In the case of polymer-coated glass panels, the concentration of the fluorescent dye in the polymer coating is typically about 10 000 ppm; the thickness of the polymer coating is typically from about 100 to 300 μm.
The polymer panels doped with the fluorescent dyes or the polymer coating which comprises the fluorescent dyes and has been applied to the glass panels consists preferably of colorless transparent thermoplastic polymers.

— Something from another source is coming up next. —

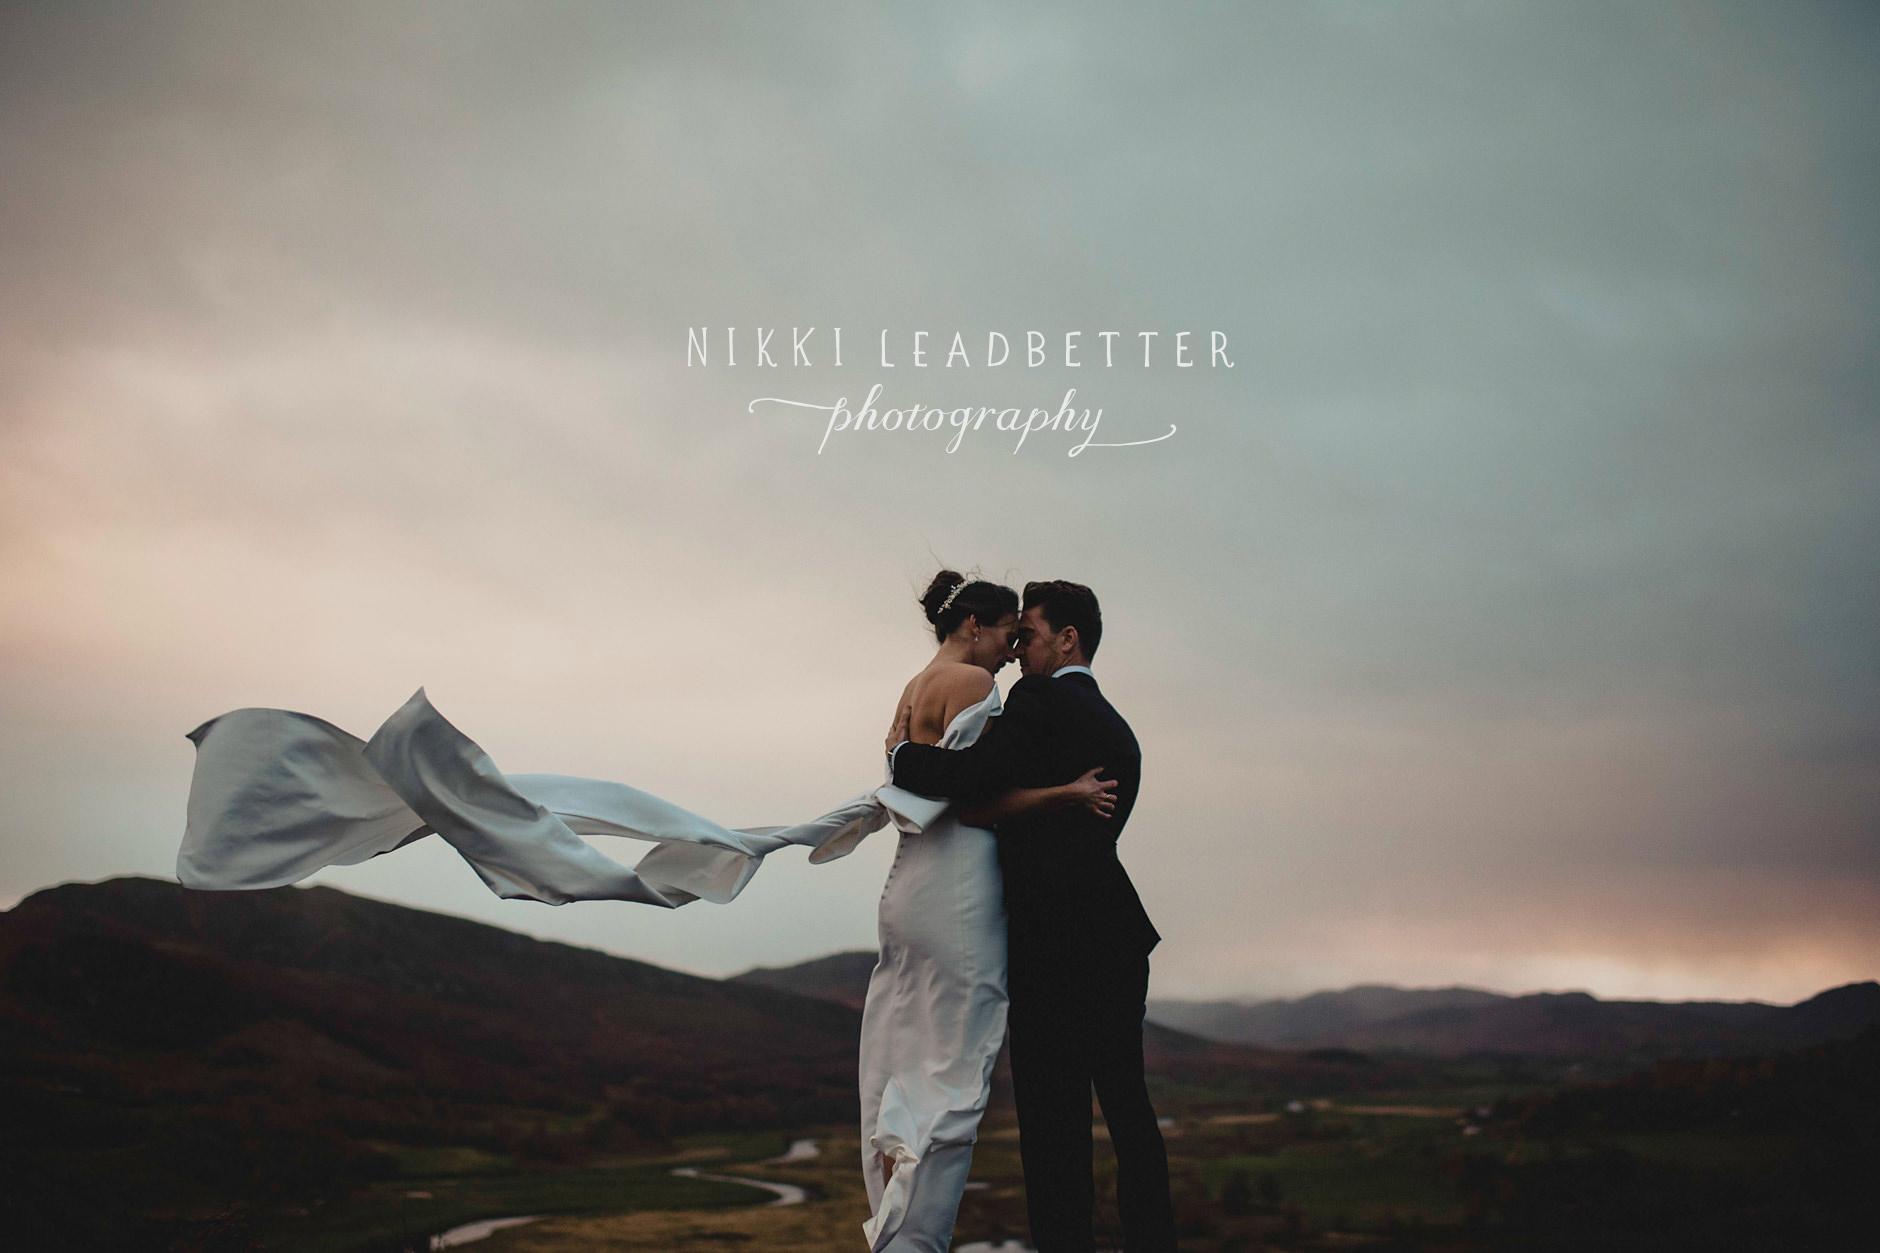 Alternative_wedding_photographer_scotland_nikki_leadbetter-905 copy.jpg
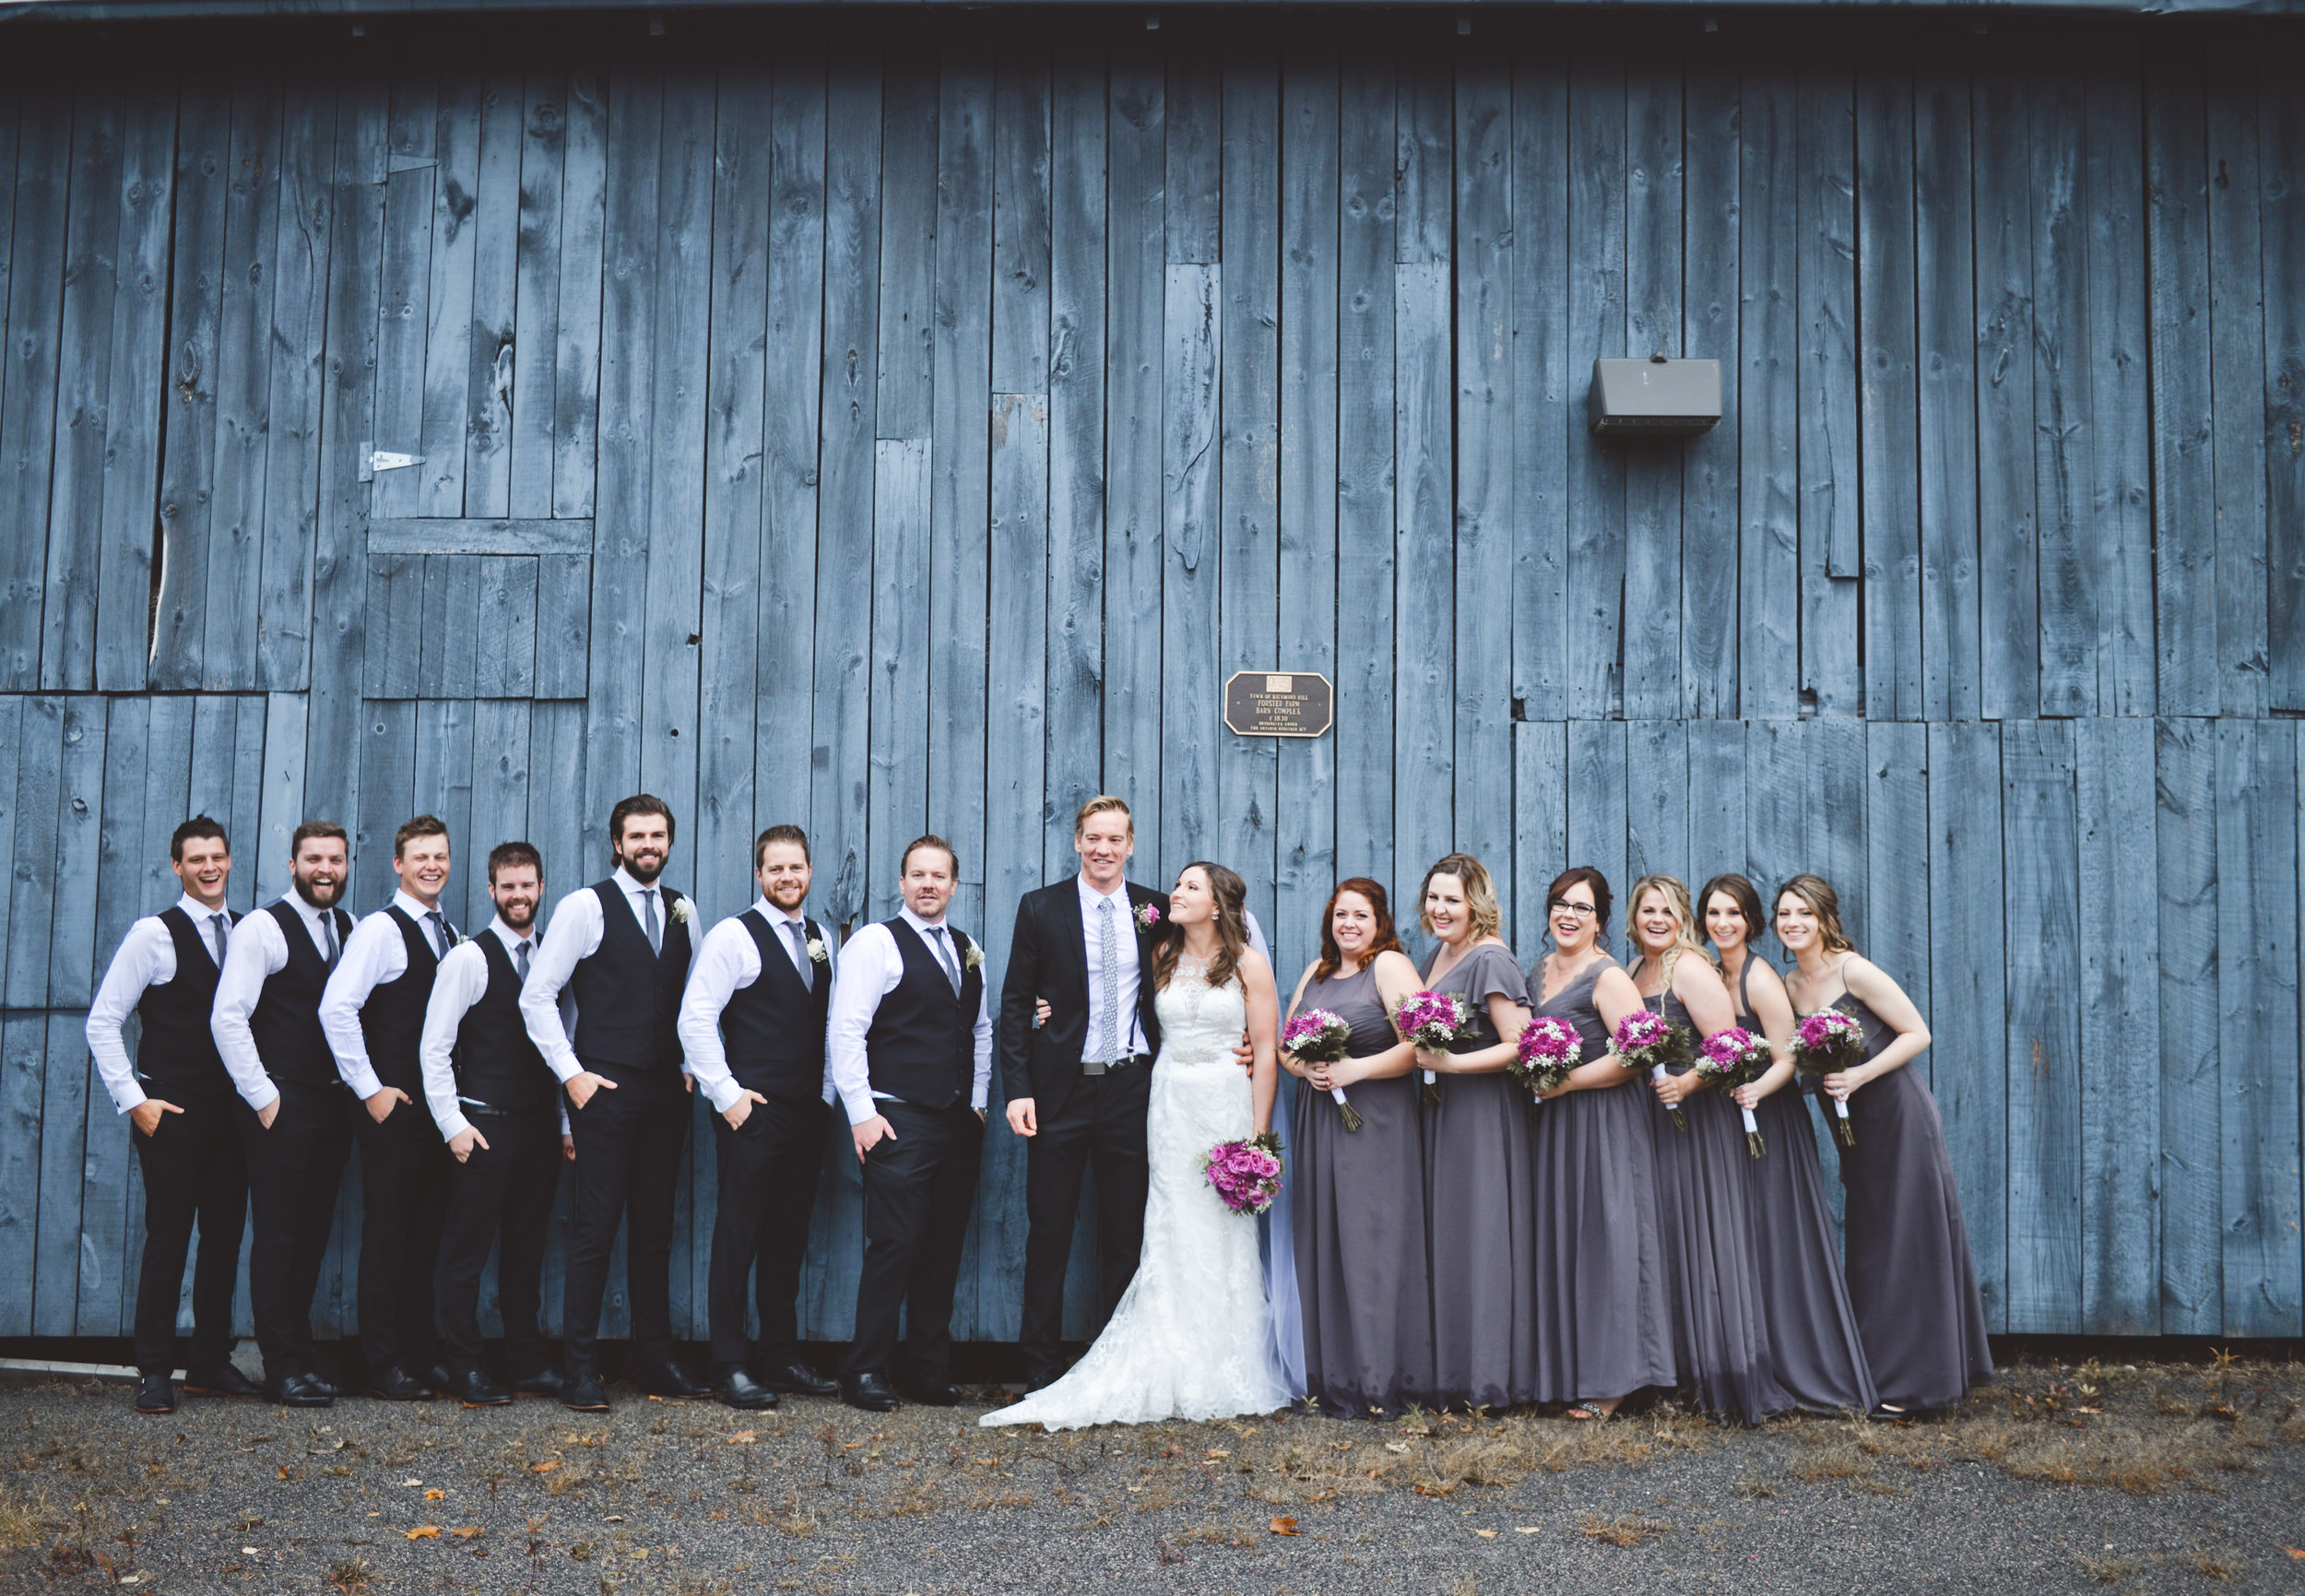 T+S - Wedding Party-2886.jpg

Examples of preferred thermoplastic polymers are acrylic resins, styrene polymers, polycarbonates, polyamides, polyesters, thermoplastic polyurethanes, polyethersulfones, polysulfones, vinyl polymers or mixtures thereof, the acrylic resins and the polycarbonates being particularly suitable.
Suitable acrylic resins include the polyalkyl and/or -aryl esters of (meth)acrylic acid, poly(meth)acrylamides and poly(meth)acrylonitrile. Preferred acrylic resins are polyalkyl methacrylates such as polymethyl methacrylate (PMMA) and polyethyl methacrylate (PEMA), including in impact-modified form, particular preference being given to PMMA and impact-modified PMMA (HI (high impact)-PMMA). The PMMA preferably comprises a content of generally not more than 20% by weight of (meth)acrylate comonomers such as n-butyl(meth)acrylate or methyl acrylate. HI-PMMA has been impact-modified by suitable additives. Useful impact modifiers include, for example, EPDM rubbers, polybutyl acrylates, polybutadiene, polysiloxanes or methacrylate/butadiene/styrene (MBS) and methacrylate/acrylonitrile/butadiene/styrene copolymers. Suitable impact-modified PMMAs are described, for example, by M. Stickler, T. Rhein in Ullmann's encyclopedia of industrial chemistry Vol. A21, pages 473-486, VCH Publishers Weinheim, 1992, and H. Domininghaus, Die Kunststoffe und ihre Eigenschaften [The polymers and their properties], VDI-Verlag Dusseldorf, 1992. Suitable polymethyl methacrylates are otherwise known to those skilled in the art and are obtainable, for example, under the trademarks Altuglas® (Arkema) and Plexiglas® (Röhm).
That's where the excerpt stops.